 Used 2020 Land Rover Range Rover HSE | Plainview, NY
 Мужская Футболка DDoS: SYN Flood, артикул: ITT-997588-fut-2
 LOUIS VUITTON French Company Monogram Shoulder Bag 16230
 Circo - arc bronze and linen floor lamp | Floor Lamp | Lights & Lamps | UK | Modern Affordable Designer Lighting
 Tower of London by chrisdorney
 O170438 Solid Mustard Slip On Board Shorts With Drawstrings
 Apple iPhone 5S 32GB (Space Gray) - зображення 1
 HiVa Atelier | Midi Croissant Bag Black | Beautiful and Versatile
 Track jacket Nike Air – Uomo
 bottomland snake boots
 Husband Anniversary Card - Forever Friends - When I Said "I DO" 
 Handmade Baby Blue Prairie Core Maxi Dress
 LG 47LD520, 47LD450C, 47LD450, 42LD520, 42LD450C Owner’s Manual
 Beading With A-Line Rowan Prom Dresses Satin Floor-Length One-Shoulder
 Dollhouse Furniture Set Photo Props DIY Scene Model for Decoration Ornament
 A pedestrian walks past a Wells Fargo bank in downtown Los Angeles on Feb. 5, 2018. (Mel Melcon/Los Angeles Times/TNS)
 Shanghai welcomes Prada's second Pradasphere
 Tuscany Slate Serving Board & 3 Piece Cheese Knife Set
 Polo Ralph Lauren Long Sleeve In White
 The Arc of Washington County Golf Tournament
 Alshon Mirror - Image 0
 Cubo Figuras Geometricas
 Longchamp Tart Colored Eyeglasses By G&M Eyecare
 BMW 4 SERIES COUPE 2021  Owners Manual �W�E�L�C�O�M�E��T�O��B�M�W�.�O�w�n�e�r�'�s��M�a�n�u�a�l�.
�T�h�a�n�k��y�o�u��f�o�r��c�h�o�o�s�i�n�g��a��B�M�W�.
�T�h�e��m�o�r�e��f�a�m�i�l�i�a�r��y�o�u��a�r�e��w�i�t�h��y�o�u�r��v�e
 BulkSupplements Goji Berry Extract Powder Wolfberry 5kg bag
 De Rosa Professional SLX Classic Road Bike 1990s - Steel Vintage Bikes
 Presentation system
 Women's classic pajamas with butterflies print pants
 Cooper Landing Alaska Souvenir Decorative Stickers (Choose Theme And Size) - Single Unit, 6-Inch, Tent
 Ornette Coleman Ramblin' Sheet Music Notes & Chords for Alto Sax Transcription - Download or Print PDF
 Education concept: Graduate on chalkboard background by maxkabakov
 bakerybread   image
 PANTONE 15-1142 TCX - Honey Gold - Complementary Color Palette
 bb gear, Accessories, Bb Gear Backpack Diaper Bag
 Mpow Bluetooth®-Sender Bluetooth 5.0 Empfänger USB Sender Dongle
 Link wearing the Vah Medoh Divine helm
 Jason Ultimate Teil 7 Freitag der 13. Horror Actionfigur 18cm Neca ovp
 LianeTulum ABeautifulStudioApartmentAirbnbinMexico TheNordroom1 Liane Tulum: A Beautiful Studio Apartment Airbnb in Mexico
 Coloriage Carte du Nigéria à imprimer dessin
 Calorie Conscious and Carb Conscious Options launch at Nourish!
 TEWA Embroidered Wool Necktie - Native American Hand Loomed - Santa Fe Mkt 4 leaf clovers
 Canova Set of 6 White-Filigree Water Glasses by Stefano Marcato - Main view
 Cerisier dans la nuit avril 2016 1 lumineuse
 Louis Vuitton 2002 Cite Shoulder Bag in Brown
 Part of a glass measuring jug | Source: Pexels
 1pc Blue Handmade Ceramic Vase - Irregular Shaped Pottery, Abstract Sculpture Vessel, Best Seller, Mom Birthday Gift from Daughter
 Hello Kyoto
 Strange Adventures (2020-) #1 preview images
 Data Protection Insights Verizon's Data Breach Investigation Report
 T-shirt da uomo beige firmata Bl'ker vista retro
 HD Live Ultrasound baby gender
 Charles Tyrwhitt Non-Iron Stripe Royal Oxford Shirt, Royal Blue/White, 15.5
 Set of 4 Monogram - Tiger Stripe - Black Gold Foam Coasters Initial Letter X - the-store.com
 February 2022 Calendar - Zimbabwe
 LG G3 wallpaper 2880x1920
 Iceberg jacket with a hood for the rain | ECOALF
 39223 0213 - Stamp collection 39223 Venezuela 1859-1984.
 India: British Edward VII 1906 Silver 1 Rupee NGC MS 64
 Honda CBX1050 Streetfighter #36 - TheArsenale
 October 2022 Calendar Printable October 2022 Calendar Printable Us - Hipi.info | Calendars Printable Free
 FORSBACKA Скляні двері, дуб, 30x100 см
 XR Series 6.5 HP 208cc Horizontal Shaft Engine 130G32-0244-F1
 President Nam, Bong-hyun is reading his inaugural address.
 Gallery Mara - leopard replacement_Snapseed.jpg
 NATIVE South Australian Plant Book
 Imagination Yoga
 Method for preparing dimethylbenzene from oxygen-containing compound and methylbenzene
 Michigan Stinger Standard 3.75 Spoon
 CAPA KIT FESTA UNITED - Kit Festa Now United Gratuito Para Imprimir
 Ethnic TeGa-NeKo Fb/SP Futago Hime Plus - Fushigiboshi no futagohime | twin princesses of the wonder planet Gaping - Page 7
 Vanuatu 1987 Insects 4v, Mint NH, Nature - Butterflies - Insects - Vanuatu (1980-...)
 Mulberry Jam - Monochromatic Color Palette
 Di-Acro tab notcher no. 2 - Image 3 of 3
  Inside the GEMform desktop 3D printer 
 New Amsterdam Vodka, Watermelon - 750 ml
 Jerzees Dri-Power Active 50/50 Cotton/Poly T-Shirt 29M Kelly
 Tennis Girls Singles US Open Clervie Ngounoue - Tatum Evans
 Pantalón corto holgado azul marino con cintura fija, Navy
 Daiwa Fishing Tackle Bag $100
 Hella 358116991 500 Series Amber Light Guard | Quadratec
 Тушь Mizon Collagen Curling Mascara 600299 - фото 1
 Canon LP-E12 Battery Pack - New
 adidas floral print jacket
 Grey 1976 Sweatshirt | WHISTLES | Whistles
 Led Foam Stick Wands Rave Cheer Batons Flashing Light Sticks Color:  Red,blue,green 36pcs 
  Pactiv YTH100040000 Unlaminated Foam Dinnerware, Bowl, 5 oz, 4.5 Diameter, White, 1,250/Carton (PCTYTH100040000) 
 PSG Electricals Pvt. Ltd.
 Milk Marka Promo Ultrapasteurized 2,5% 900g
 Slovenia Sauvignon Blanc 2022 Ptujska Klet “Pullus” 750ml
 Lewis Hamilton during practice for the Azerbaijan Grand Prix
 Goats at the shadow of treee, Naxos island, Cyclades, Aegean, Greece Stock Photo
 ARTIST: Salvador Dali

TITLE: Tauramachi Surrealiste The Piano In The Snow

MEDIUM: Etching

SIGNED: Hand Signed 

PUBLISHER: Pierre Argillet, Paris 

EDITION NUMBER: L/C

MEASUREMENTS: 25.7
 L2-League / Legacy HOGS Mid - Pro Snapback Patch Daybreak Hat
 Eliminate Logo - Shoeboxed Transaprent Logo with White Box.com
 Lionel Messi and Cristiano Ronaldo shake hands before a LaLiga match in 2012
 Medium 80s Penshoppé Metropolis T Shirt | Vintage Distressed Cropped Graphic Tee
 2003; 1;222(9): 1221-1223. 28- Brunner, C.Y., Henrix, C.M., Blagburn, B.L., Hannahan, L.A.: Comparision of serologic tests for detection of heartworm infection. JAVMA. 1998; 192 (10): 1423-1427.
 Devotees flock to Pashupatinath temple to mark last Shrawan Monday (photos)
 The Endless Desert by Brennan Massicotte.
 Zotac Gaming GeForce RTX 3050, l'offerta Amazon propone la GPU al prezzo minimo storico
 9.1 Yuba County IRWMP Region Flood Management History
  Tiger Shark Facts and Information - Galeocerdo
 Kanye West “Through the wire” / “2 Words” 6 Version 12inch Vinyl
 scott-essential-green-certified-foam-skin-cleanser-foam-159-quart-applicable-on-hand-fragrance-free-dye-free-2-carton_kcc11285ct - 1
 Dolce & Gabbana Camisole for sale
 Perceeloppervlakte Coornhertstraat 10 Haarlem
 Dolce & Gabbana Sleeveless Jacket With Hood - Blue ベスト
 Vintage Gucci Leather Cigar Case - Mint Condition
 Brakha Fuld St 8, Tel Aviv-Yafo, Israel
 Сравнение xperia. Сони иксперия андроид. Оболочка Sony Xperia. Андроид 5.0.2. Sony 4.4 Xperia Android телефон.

## WHAT THE TASK REQUIRES
The lines from the first of the entries through the line holding "O170438 Solid Mustard" are to be restated word for word, and no others.

## SOLUTION FOR THIS PROBLEM
 Used 2020 Land Rover Range Rover HSE | Plainview, NY
 Мужская Футболка DDoS: SYN Flood, артикул: ITT-997588-fut-2
 LOUIS VUITTON French Company Monogram Shoulder Bag 16230
 Circo - arc bronze and linen floor lamp | Floor Lamp | Lights & Lamps | UK | Modern Affordable Designer Lighting
 Tower of London by chrisdorney
 O170438 Solid Mustard Slip On Board Shorts With Drawstrings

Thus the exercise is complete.